Fighting Closed with Open

An article that is making the rounds is Ars Technica’s “Neither Microsoft, Nokia, nor anyone else should fork Android. It’s unforkable.”. The author (Peter Bright) early on states:

Google has worked to make Android functionally unforkable, with no practical way to simultaneously fork the platform and take advantage of its related strengths: abundant developers, and abundant applications.

There is a practical solution, one that can beat Google at its own closed-source game. However, it requires business executives who aren’t control freaks, which unfortunately makes it improbable.

Mr. Bright’s argument is that Android is only partly open source. Google Play Services is closed source, and Google certainly pushes this set of APIs. Only licensees have legitimate access to Play Services, and apps that require Play Services can therefore only run on licensed devices.

His conclusion, therefore, is:

The only way to solve the application issue is to be not merely an AOSP platform but a [Play Services] platform.

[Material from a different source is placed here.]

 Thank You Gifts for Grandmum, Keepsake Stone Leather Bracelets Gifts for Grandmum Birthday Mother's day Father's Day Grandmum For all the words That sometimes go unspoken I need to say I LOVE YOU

The only way to solve the application issue is to get developers to become less dependent on Play Services. And, IMHO, the only viable way to do that is for other vendors to collaborate and build up a competing suite of open APIs, ones that can plug into Play Services or into alternative implementations.

Mr. Bright posits that creating a replacement for Play Services is a lot of work, and he is correct. However, there are already replacements for much of it, whether in the open source arena (e.g., Open Street Map) or in the commercial realm (e.g., Amazon’s various replacements for use on the Kindle Fire series).

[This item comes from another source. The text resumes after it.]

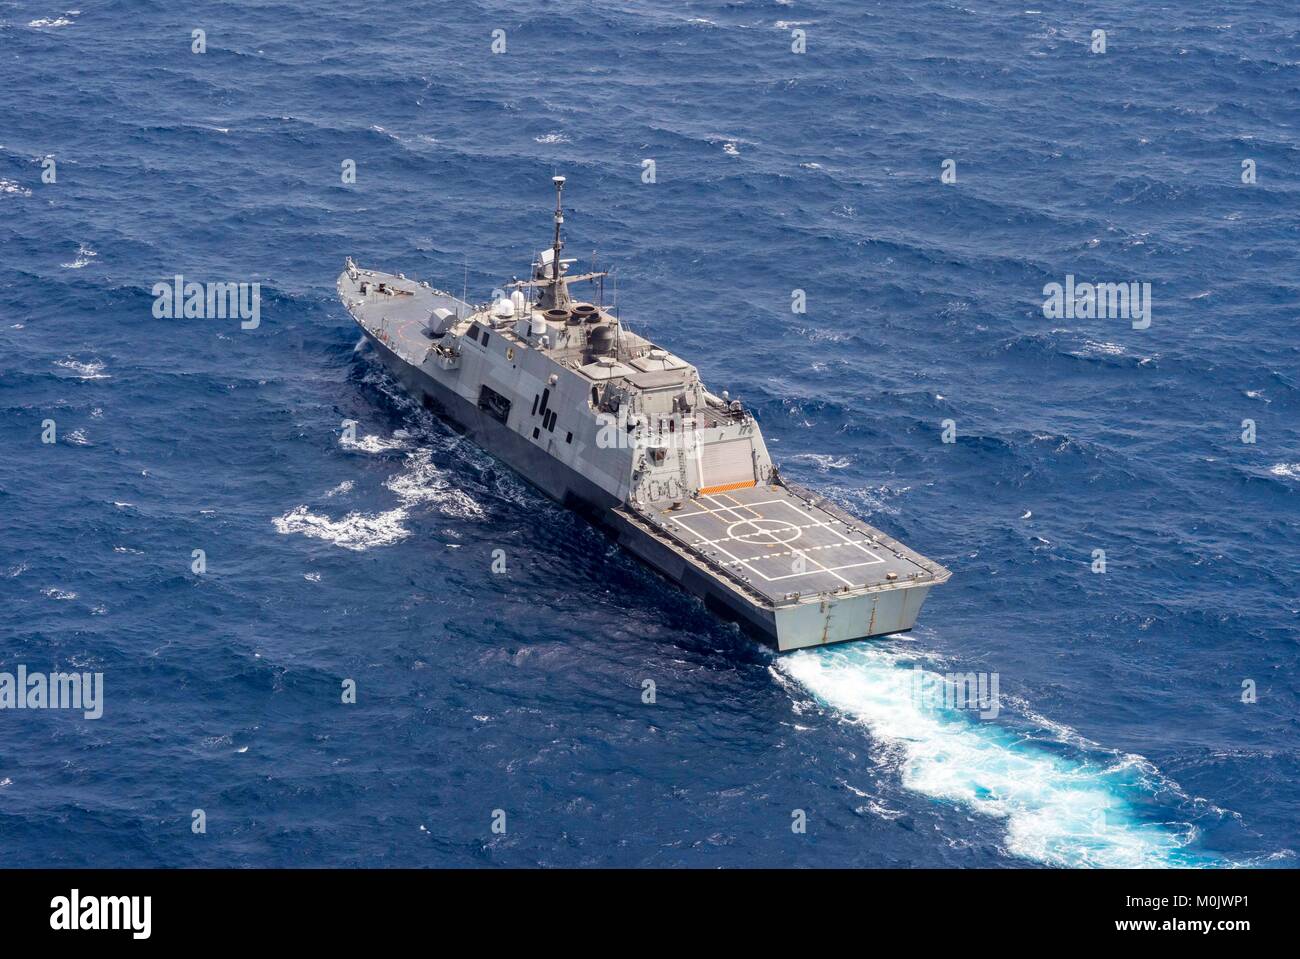 The U.S. Navy Freedom-class littoral combat ship USS Fort Worth steams underway July 7, 2015 in the South China Sea. Stock Photo

The problem isn’t a lack of alternatives. It’s a lack of a compelling reason for many developers to bother with those alternatives.

Google has done a reasonable job of ticking off the two major boxes for considering an API:

  1. Making it fairly easy to adopt (e.g., from educational, technical, licensing, and operational standpoints)

  2. Delivering a nice-sized audience for the results

Having an umbrella API, that plugs into Play Services or alternatives, can only expand the audience. Hence, if it becomes easy to adopt, sensible developers will certainly consider it.

The problem is that vendors like Amazon are focused on trying to be Google and have their own lock-in. Some percentage of Android developers will adopt such firms’ proprietary APIs, either for dedicated apps for such firms’ devices, or slogging through multiple implementations. But a lot of developers will not bother, just as a lot of developers do not bother with the Amazon AppStore for Android — and I’ve tried for years to get developers to think about distribution beyond the Play Store. If it isn’t easy, and it isn’t huge, it isn’t on most developers’ radar.

There’s nothing stopping some consortium, or a nicely-backed open source initiative, from taking a page from the same playbook, and aiming to give Android developers a reason to switch to a higher API that offers a larger audience. This would spread the effort amongst multiple interested parties, from major vendors (Amazon) and major ROM modders (Cyanogen, Inc.) to the countless firms who offer something in the Play Services sphere and would relish the opportunity to plug into a common API and not get trampled by all the elephants.

This still will not be easy. And, it would eliminate these vendors’ ability to achieve lock-in in the same areas that Play Services covers. Hence, I have no idea if there is a critical mass of players who would take on such a task. And it will take patience and time, once something is ready, to educate and convince developers to migrate to such a solution. But an open set of APIs would weaken Google’s lock-in ability with Play Services, and I would think that this might be an objective of some of these firms.

If you want to fight the closed Play Services, building fragmented closed alternatives is an unlikely solution. Instead, fight closed with open.